Hierarchical Scheduling for Multi-Vector Image Retrieval
This work addresses efficiency and accuracy issues in image retrieval for RAG-based MLLM applications, representing an incremental improvement over prior multi-vector retrieval methods.
The paper tackles the problem of sub-optimal accuracy and efficiency in multi-vector image retrieval for multimodal large language models by proposing HiMIR, a hierarchical scheduling framework that enhances alignment with image objects and reduces redundancy, resulting in substantial accuracy improvements and up to 3.5 times computation reduction compared to existing systems.

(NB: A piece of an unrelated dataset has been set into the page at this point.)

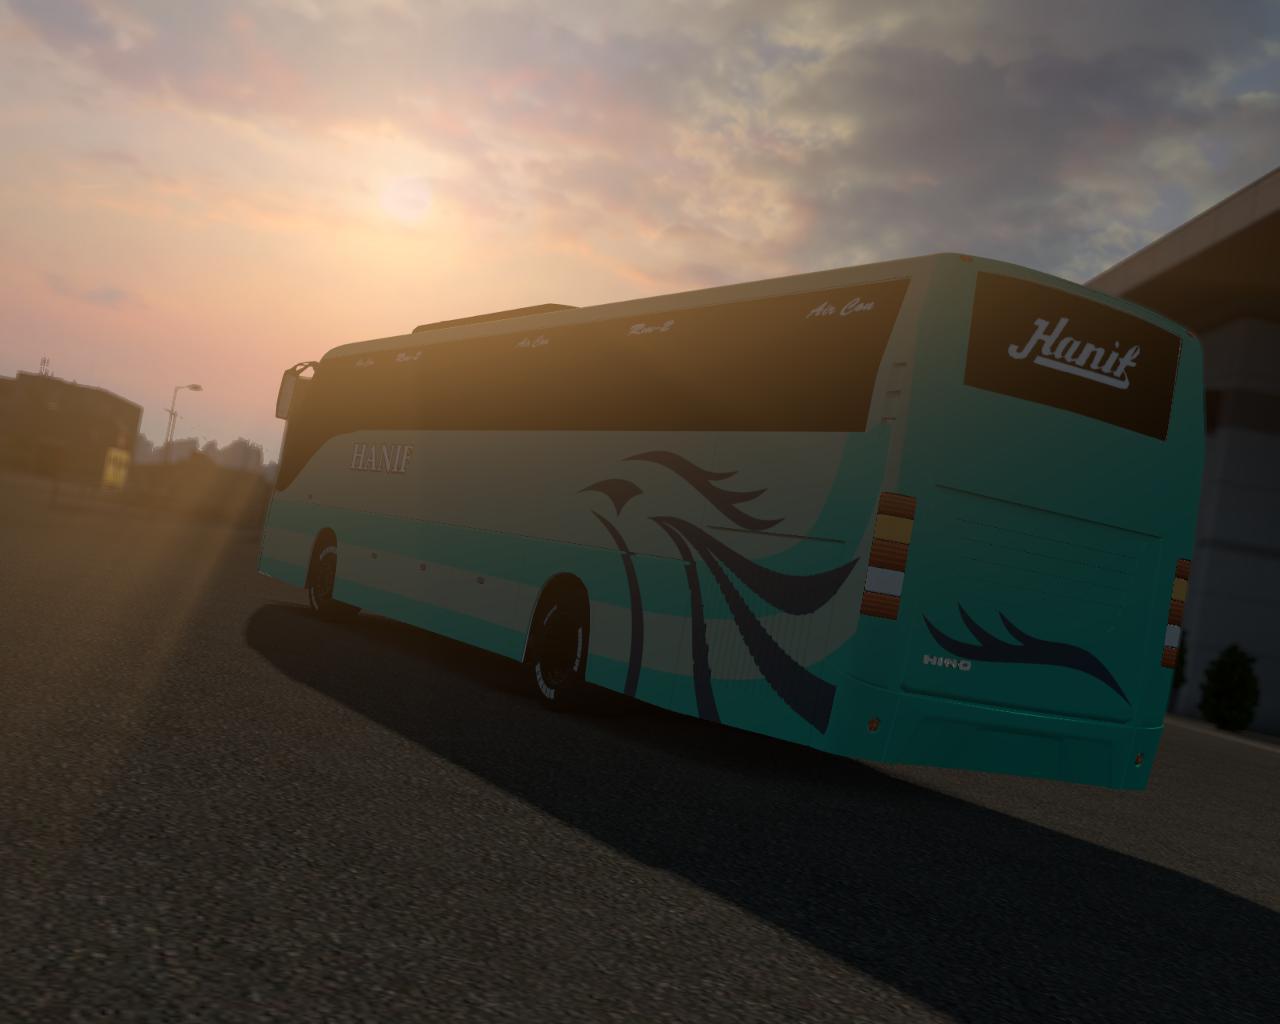 ETS2 - Hino RM2 Bus Mod (1.36 - 1.37)

To effectively leverage user-specific data, retrieval augmented generation (RAG) is employed in multimodal large language model (MLLM) applications. However, conventional retrieval approaches often suffer from limited retrieval accuracy. Recent advances in multi-vector retrieval (MVR) improve accuracy by decomposing queries and matching against segmented images. They still suffer from sub-optimal accuracy and efficiency, overlooking alignment between the query and varying image objects and redundant fine-grained image segments. In this work, we present an efficient scheduling framework for image retrieval - HiMIR. First, we introduce a novel hierarchical paradigm, employing multiple intermediate granularities for varying image objects to enhance alignment. Second, we minimize redundancy in retrieval by leveraging cross-hierarchy similarity consistency and hierarchy sparsity to minimize unnecessary matching computation. Furthermore, we configure parameters for each dataset automatically for practicality across diverse scenarios. Our empirical study shows that, HiMIR not only achieves substantial accuracy improvements but also reduces computation by up to 3.5 times over the existing MVR system.